Professor da Faculdade de Ciências e Letras da Universidade Estadual Paulista (Unesp), Silvio Yasui tem doutorado em Saúde Pública pela Fundação Oswaldo Cruz, e é um dos profissionais brasileiros que mais se destacam na atenção psicossocial. Psicólogo formado na década de 70, Yasui tem experiência na área de Saúde Coletiva, com ênfase em Saúde Mental, atuando principalmente nos seguintes temas: saúde mental, reforma psiquiátrica, atenção psicossocial, oficinas terapêuticas e Política Nacional de Humanização.

Em entrevista exclusiva ao (En)Cena, Silvio Yasui disse que a indicação de Valencius Wurch Duarte Filho, que tem uma postura pró-manicômio, para administrar a Área Técnica de Saúde Mental do Ministério da Saúde (MS) é um contracenso, pois não corresponde aos esforços que vem sendo feitos na área nos últimos 30 anos. “Como colocar alguém que não compactua com essa política (de humanização e atenção psicossocial) para responder pelo setor?”, questiona Yasui.
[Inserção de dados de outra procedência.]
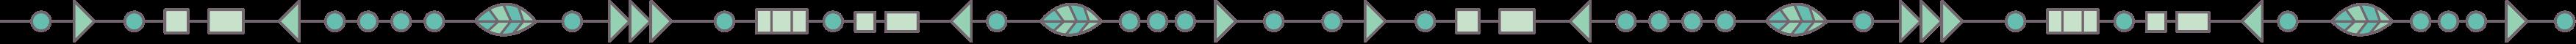 12v空心杯电机,【理工学院】机电一体化技术 (智能机器人)

O profissional também faz um panorama das políticas de Saúde Mental no Brasil e rebate as acusações do ministro da Saúde de que o movimento anti-Valencius é de caráter meramente ideológico: se assim o fosse, “a Política de Saúde Mental do Brasil não seria reconhecida pela Organização Mundial de Saúde (OMS) e pela Organização Panamericana de Saúde (OPAS) como referência mundial de reforma dos sistemas de saúde mental”. Além disso, Silvio Yasui diz que os atuais desafios nas políticas de Saúde Mental, por serem grandiosos, são promissores.

Por fim, Yasui sentencia ao dizer que, atualmente, “o projeto da Reforma Psiquiátrica está em risco” no Brasil, mas os profissionais atentos a este movimento e a sociedade em geral já estão se mobilizando politicamente para tentar barrar eventuais retrocessos. Confira estes e outros assuntos na entrevista a seguir.

(En)Cena – Qual o panorama, hoje, das políticas públicas nacionais no campo da “Saúde Mental”?

Sílvio Yasui – A política de saúde mental que vem sendo construída há mais de trinta anos apresenta muitos problemas e impasses que são consequência de sua grandeza e complexidade. Sua grandeza está no fato de estar presente em todos os municípios mais importantes do país, com uma rede de serviços que se amplia a cada dia.

E a sua complexidade evidencia-se, pois, a política propõe uma organização das ações nos âmbitos da prevenção e promoção da saúde; no cuidado com uma ampla e diversa rede de ações, na reabilitação e inclusão social, com uma gama de ofertas e experiências que vem se acumulando ao longo dos anos.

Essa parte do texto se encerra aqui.